- DATA FOR ANALYSIS
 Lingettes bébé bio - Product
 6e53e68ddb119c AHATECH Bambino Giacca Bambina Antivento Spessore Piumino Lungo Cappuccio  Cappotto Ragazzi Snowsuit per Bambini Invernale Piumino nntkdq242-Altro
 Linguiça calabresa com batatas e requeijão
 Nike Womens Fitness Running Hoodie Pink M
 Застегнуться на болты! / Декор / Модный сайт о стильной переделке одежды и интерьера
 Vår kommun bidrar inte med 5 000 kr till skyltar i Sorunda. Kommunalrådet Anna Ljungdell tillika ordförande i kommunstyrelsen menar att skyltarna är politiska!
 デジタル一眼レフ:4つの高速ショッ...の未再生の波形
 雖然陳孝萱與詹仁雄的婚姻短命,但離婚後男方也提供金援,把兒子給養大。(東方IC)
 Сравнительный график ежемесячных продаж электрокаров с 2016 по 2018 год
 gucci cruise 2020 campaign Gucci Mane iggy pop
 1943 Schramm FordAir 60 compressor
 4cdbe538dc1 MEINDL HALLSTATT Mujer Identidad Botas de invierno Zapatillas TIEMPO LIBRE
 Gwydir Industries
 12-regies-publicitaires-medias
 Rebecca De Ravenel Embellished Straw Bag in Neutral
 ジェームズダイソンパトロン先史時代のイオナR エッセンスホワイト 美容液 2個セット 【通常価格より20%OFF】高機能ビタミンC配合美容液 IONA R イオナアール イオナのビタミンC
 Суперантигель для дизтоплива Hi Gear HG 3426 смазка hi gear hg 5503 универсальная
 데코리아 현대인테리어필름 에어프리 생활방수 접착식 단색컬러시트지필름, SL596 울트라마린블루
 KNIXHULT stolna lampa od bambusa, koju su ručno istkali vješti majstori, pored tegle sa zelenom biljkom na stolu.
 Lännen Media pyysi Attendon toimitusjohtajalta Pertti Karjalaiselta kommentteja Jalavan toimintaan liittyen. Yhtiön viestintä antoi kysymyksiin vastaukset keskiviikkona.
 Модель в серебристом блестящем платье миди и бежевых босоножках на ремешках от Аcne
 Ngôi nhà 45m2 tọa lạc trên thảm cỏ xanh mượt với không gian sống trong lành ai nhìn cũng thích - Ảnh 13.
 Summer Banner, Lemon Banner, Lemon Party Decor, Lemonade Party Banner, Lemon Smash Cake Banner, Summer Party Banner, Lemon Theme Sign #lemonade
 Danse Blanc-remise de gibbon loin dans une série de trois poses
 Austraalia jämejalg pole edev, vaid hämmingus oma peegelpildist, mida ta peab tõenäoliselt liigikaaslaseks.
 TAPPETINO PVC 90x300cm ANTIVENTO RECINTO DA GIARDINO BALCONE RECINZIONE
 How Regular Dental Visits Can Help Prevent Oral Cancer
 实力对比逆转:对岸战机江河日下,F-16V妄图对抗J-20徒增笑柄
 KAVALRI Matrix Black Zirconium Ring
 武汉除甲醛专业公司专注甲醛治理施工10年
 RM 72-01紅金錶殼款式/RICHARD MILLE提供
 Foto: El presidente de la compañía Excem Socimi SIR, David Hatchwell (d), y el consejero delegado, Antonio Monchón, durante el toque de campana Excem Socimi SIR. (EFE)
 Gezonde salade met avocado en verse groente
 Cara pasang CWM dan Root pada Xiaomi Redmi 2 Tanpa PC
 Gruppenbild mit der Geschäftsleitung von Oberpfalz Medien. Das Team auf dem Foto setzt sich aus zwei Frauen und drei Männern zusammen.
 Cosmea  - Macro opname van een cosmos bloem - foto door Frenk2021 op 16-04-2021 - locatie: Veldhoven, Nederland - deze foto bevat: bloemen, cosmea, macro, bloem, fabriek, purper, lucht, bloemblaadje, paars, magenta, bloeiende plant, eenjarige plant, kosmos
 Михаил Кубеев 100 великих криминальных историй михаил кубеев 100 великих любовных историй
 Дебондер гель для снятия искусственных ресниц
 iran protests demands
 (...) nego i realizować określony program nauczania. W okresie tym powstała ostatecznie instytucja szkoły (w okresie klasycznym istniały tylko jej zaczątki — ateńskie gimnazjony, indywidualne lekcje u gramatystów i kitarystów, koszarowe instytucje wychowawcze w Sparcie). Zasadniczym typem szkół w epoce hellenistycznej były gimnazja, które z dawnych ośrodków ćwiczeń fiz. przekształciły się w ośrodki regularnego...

- ACTIVITY
Please output the full listing, keeping every character the same.

- EXPECTED ANSWER
 Lingettes bébé bio - Product
 6e53e68ddb119c AHATECH Bambino Giacca Bambina Antivento Spessore Piumino Lungo Cappuccio  Cappotto Ragazzi Snowsuit per Bambini Invernale Piumino nntkdq242-Altro
 Linguiça calabresa com batatas e requeijão
 Nike Womens Fitness Running Hoodie Pink M
 Застегнуться на болты! / Декор / Модный сайт о стильной переделке одежды и интерьера
 Vår kommun bidrar inte med 5 000 kr till skyltar i Sorunda. Kommunalrådet Anna Ljungdell tillika ordförande i kommunstyrelsen menar att skyltarna är politiska!
 デジタル一眼レフ:4つの高速ショッ...の未再生の波形
 雖然陳孝萱與詹仁雄的婚姻短命,但離婚後男方也提供金援,把兒子給養大。(東方IC)
 Сравнительный график ежемесячных продаж электрокаров с 2016 по 2018 год
 gucci cruise 2020 campaign Gucci Mane iggy pop
 1943 Schramm FordAir 60 compressor
 4cdbe538dc1 MEINDL HALLSTATT Mujer Identidad Botas de invierno Zapatillas TIEMPO LIBRE
 Gwydir Industries
 12-regies-publicitaires-medias
 Rebecca De Ravenel Embellished Straw Bag in Neutral
 ジェームズダイソンパトロン先史時代のイオナR エッセンスホワイト 美容液 2個セット 【通常価格より20%OFF】高機能ビタミンC配合美容液 IONA R イオナアール イオナのビタミンC
 Суперантигель для дизтоплива Hi Gear HG 3426 смазка hi gear hg 5503 универсальная
 데코리아 현대인테리어필름 에어프리 생활방수 접착식 단색컬러시트지필름, SL596 울트라마린블루
 KNIXHULT stolna lampa od bambusa, koju su ručno istkali vješti majstori, pored tegle sa zelenom biljkom na stolu.
 Lännen Media pyysi Attendon toimitusjohtajalta Pertti Karjalaiselta kommentteja Jalavan toimintaan liittyen. Yhtiön viestintä antoi kysymyksiin vastaukset keskiviikkona.
 Модель в серебристом блестящем платье миди и бежевых босоножках на ремешках от Аcne
 Ngôi nhà 45m2 tọa lạc trên thảm cỏ xanh mượt với không gian sống trong lành ai nhìn cũng thích - Ảnh 13.
 Summer Banner, Lemon Banner, Lemon Party Decor, Lemonade Party Banner, Lemon Smash Cake Banner, Summer Party Banner, Lemon Theme Sign #lemonade
 Danse Blanc-remise de gibbon loin dans une série de trois poses
 Austraalia jämejalg pole edev, vaid hämmingus oma peegelpildist, mida ta peab tõenäoliselt liigikaaslaseks.
 TAPPETINO PVC 90x300cm ANTIVENTO RECINTO DA GIARDINO BALCONE RECINZIONE
 How Regular Dental Visits Can Help Prevent Oral Cancer
 实力对比逆转:对岸战机江河日下,F-16V妄图对抗J-20徒增笑柄
 KAVALRI Matrix Black Zirconium Ring
 武汉除甲醛专业公司专注甲醛治理施工10年
 RM 72-01紅金錶殼款式/RICHARD MILLE提供
 Foto: El presidente de la compañía Excem Socimi SIR, David Hatchwell (d), y el consejero delegado, Antonio Monchón, durante el toque de campana Excem Socimi SIR. (EFE)
 Gezonde salade met avocado en verse groente
 Cara pasang CWM dan Root pada Xiaomi Redmi 2 Tanpa PC
 Gruppenbild mit der Geschäftsleitung von Oberpfalz Medien. Das Team auf dem Foto setzt sich aus zwei Frauen und drei Männern zusammen.
 Cosmea  - Macro opname van een cosmos bloem - foto door Frenk2021 op 16-04-2021 - locatie: Veldhoven, Nederland - deze foto bevat: bloemen, cosmea, macro, bloem, fabriek, purper, lucht, bloemblaadje, paars, magenta, bloeiende plant, eenjarige plant, kosmos
 Михаил Кубеев 100 великих криминальных историй михаил кубеев 100 великих любовных историй
 Дебондер гель для снятия искусственных ресниц
 iran protests demands
 (...) nego i realizować określony program nauczania. W okresie tym powstała ostatecznie instytucja szkoły (w okresie klasycznym istniały tylko jej zaczątki — ateńskie gimnazjony, indywidualne lekcje u gramatystów i kitarystów, koszarowe instytucje wychowawcze w Sparcie). Zasadniczym typem szkół w epoce hellenistycznej były gimnazja, które z dawnych ośrodków ćwiczeń fiz. przekształciły się w ośrodki regularnego...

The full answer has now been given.